Let $E/L/K$ a tower of finite abelian extensions of local fields, $G = \operatorname{Gal}(E/K), H = \operatorname{Gal}(E/L)$. There is of course a natural quotient in Tate cohomology: $$ \phi_\star: \widehat{H}^0(G, E^\star) = K^\star/N_{E/K} E^\star \to K^\star/N_{L/K} L^\star = \widehat{H}^0(G/H, L^\star). $$ Question 1: Does this map have any natural group-cohomological interpretation? Does it extend to a morphism of $\widehat{H}^q$ for $q \neq 0$?

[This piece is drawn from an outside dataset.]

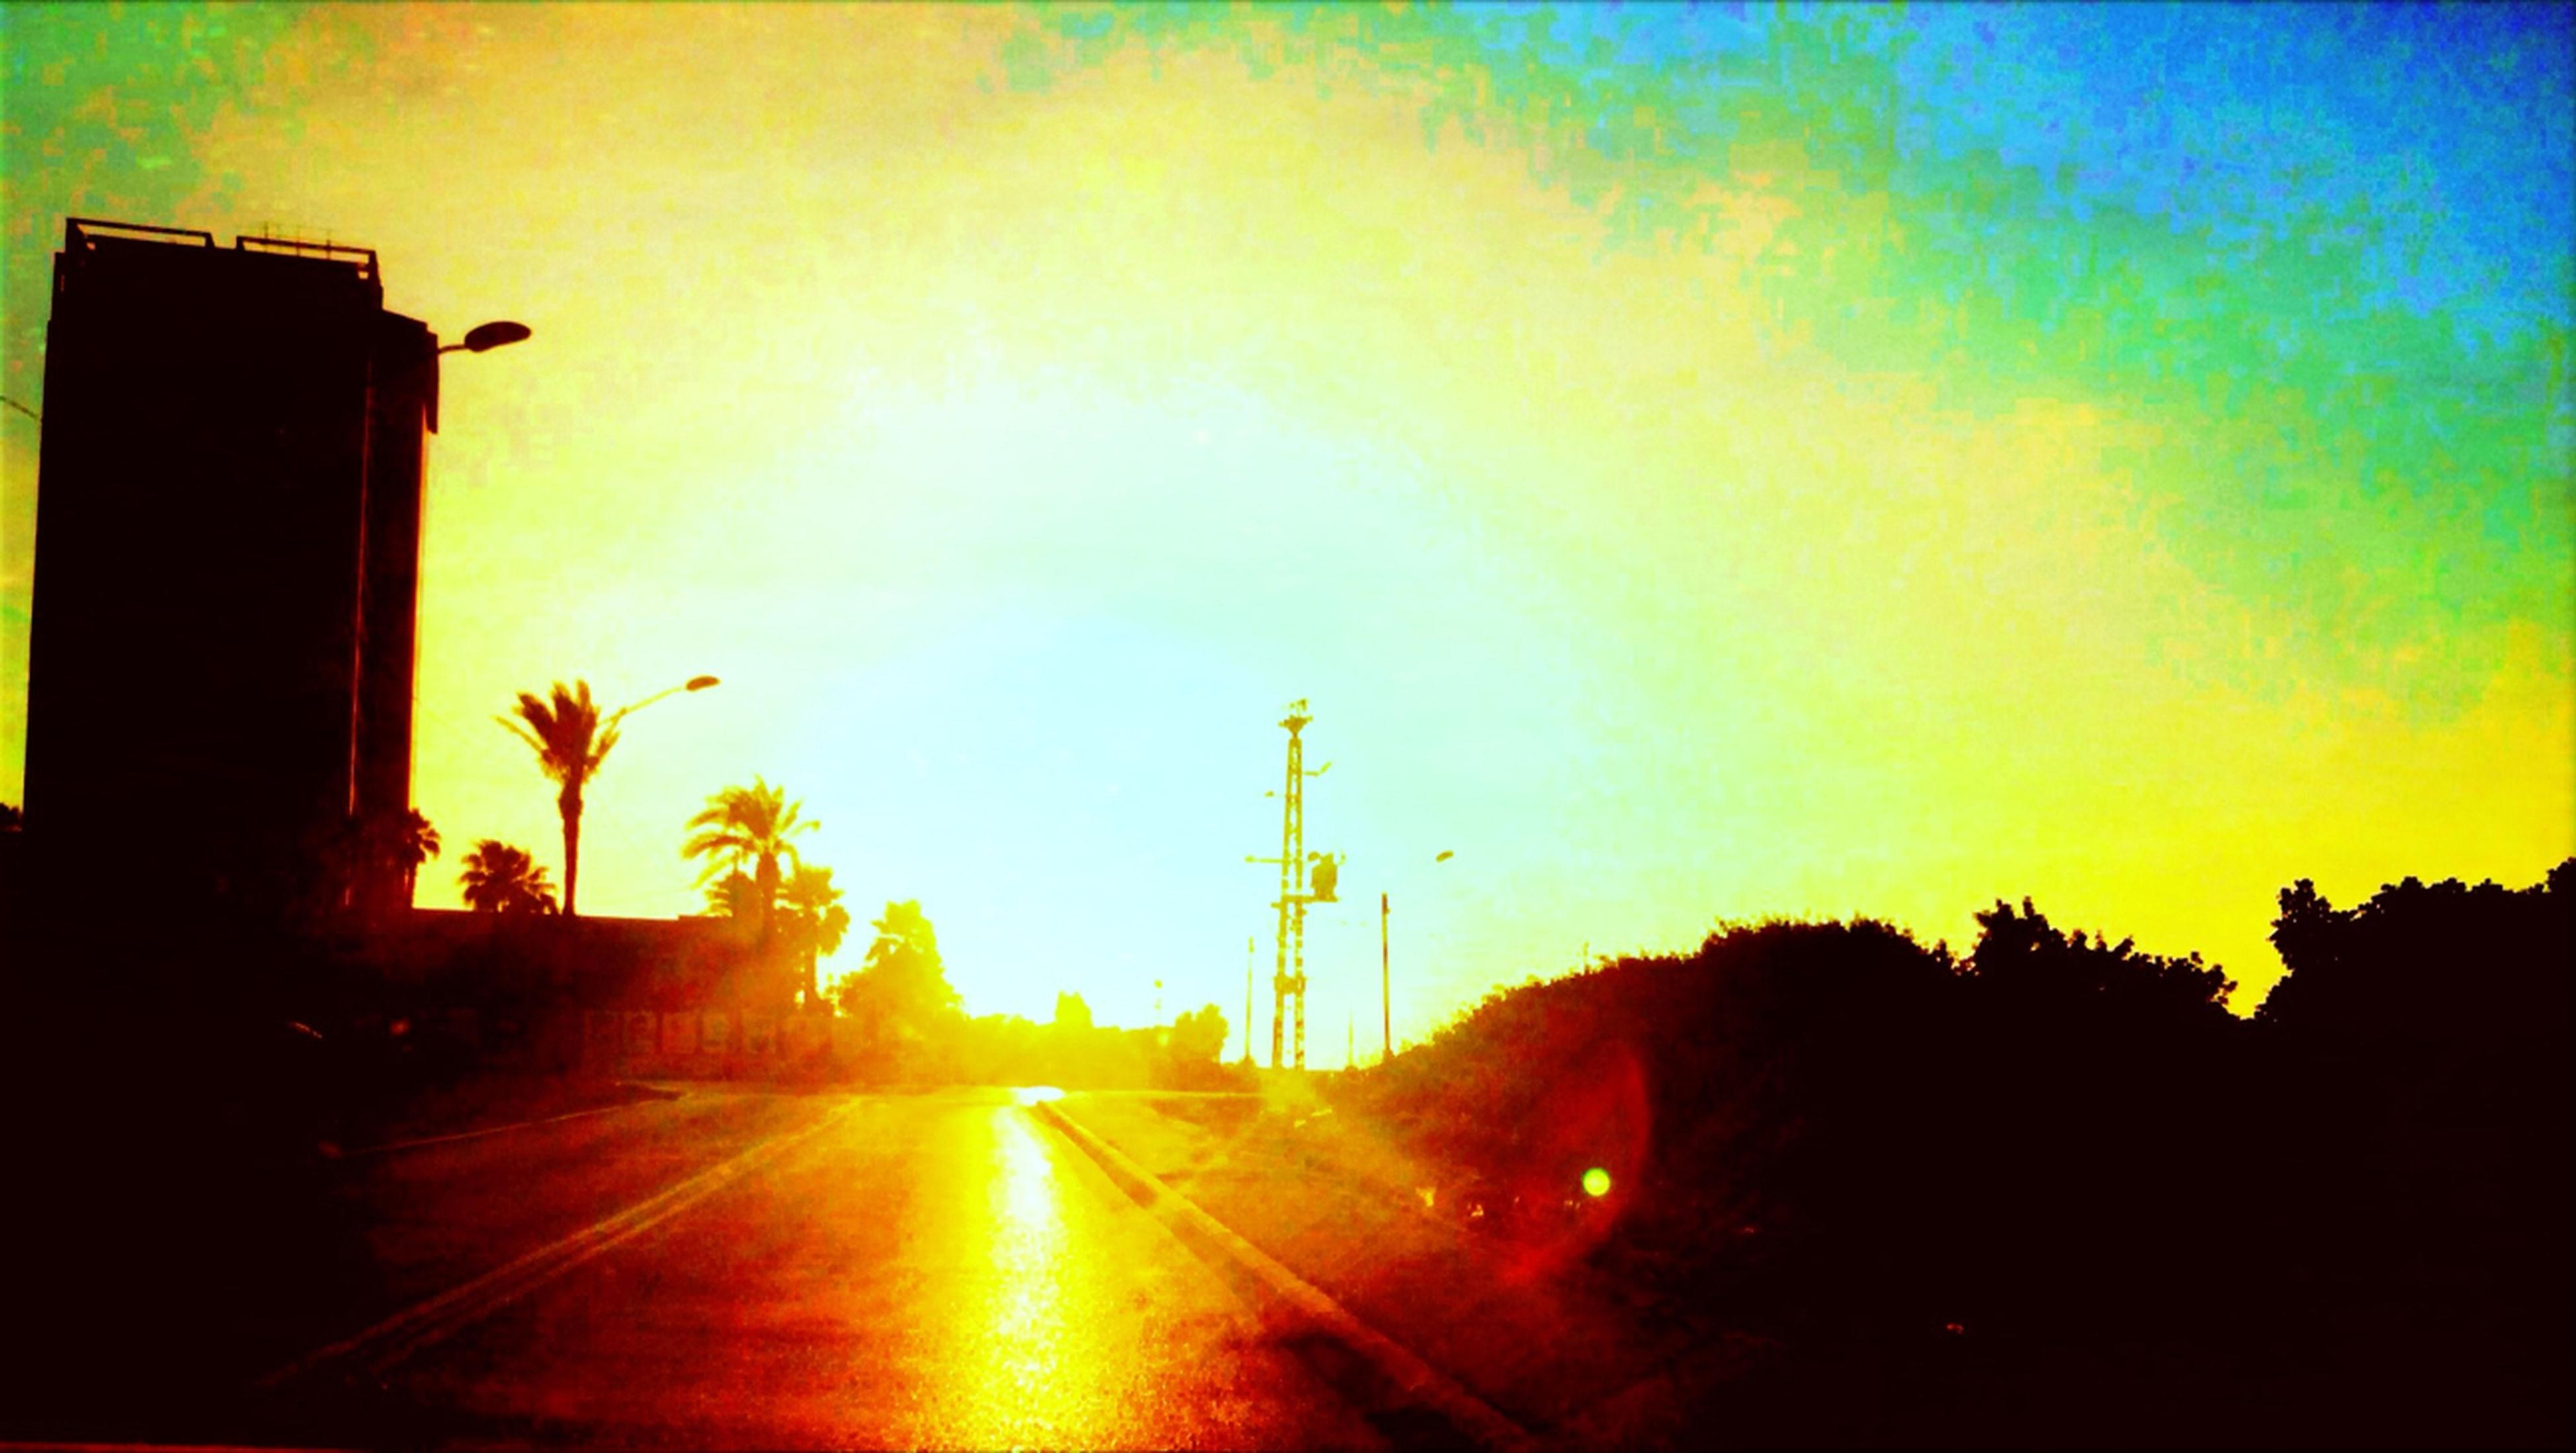 sunset, silhouette, sun, sky, building exterior, built structure, road, architecture, sunlight, the way forward, street light, sunbeam, orange color, street, lens flare, transportation, cloud - sky, tree, nature, outdoors

This map is not any of the standard change of group maps: restriction, corestriction, inflation (goes the wrong way) or coinflation (only exists for homology) and moreover inflation and coinflation don't descend to Tate cohomology. The essential property needed to define it is compatibility of the norm in towers, which the definitions of modified cohomology don't seem to capture nicely. Is this map actually a natural thing to consider?

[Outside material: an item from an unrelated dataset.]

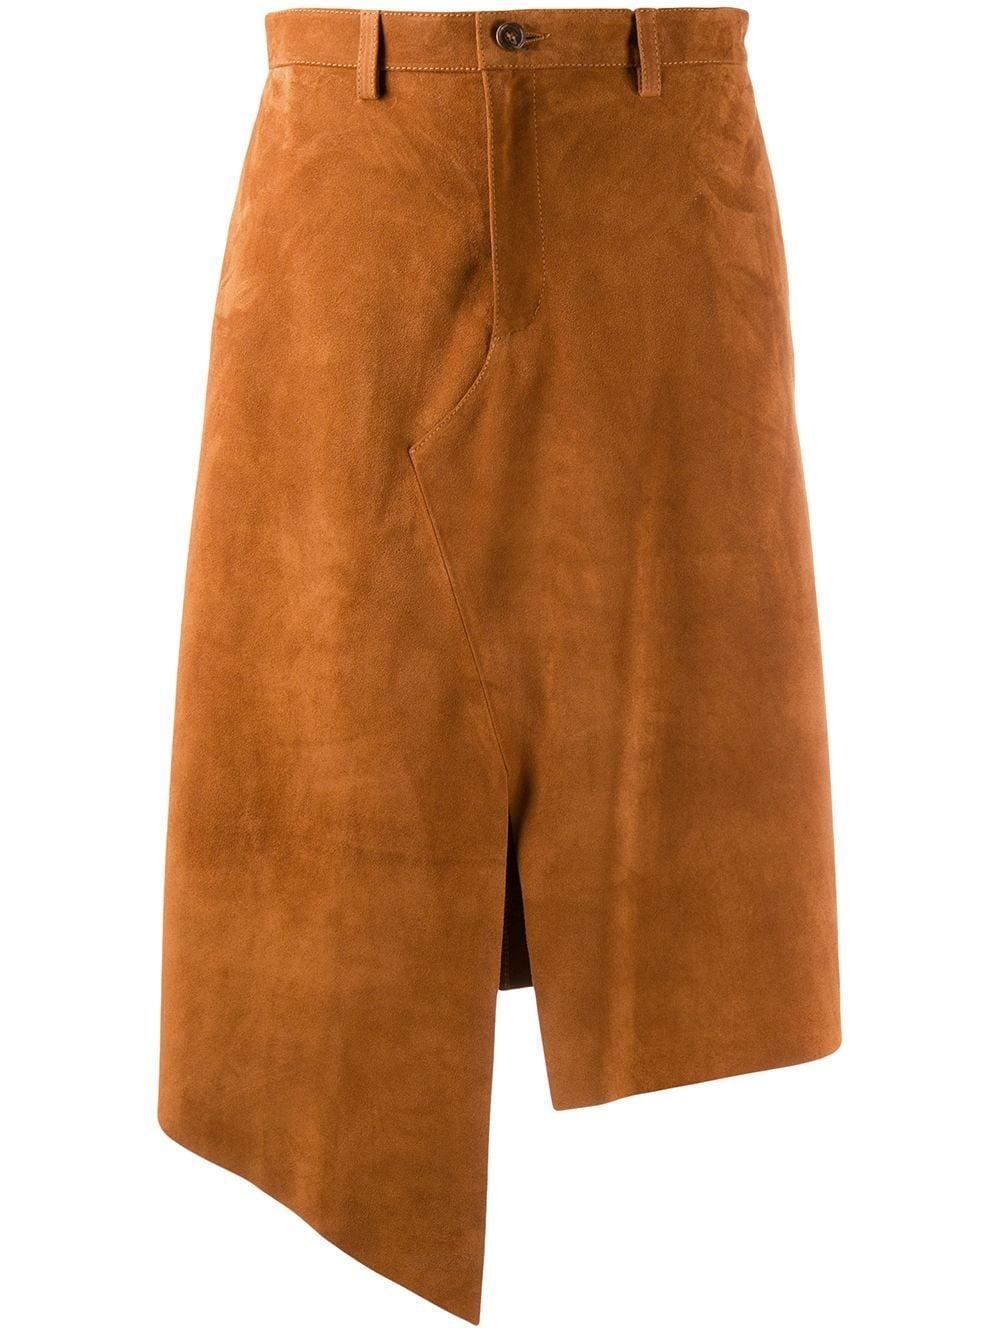 Maison Margiela юбка асимметричного кроя с разрезом

My motivation for asking is the following application to local class field theory: one wishes to prove compatibility of the local reciprocity map in towers: $$ \require{AMScd}\begin{CD} K^\star/N_{E/K} E^\star @>{\omega_{E/K}}>> G;\\ @VVV @VVV \\ K^\star/N_{L/K}L^\star @>{\omega_{L/K}}>> G/H; \end{CD} $$ If the reciprocity map is defined using the Tate-Nakayama theorem as a cup-product, then this is not obvious, but is taken as a corollary of the character formula \begin{equation}\tag{$\star$} \chi(\omega_{L/K}(a)) = \operatorname{inv}_K(a \cup d(\chi)) \end{equation} (as in Serre, Local Fields, XI,§3, after Prop. 2), where $\chi \in H^1(G,\mathbb{Q}/\mathbb{Z})$ is a character and $d : H^1(G, \mathbb{Q}/\mathbb{Z}) \to H^2(G, \mathbb{Z})$ is the boundary isomorphism.
Question 2: How does $(\star)$ imply compatibility in towers?
The intended process seems to be as follows: if we define $$\phi^\star : H^1(G/H, \mathbb{Q}/\mathbb{Z}) \to H^1(G, \mathbb{Q}/\mathbb{Z}) $$ to be the pullback of characters (which should surely be inflation), then it suffices to show a projection formula relating $\phi_\star$ and $\phi^\star$: for every $a \in \widehat{H}^0(G, E^\star)$ and $\chi \in H^1(G/H, \mathbb{Q}/\mathbb{Z})$ we would like $$a \cup d(\phi^\star(\chi)) = \operatorname{Inf}(\phi_\star(a) \cup d(\chi))$$ inside $H^2(G, E^\star) = \operatorname{Br}(E/K)$.
Question 3: Does such a formula hold? Why? There is such a formula for restriction and corestriction, but $\phi_\star$ is a strange map from the perspective of cohomology, so I don't necessarily expect it to behave with cup products.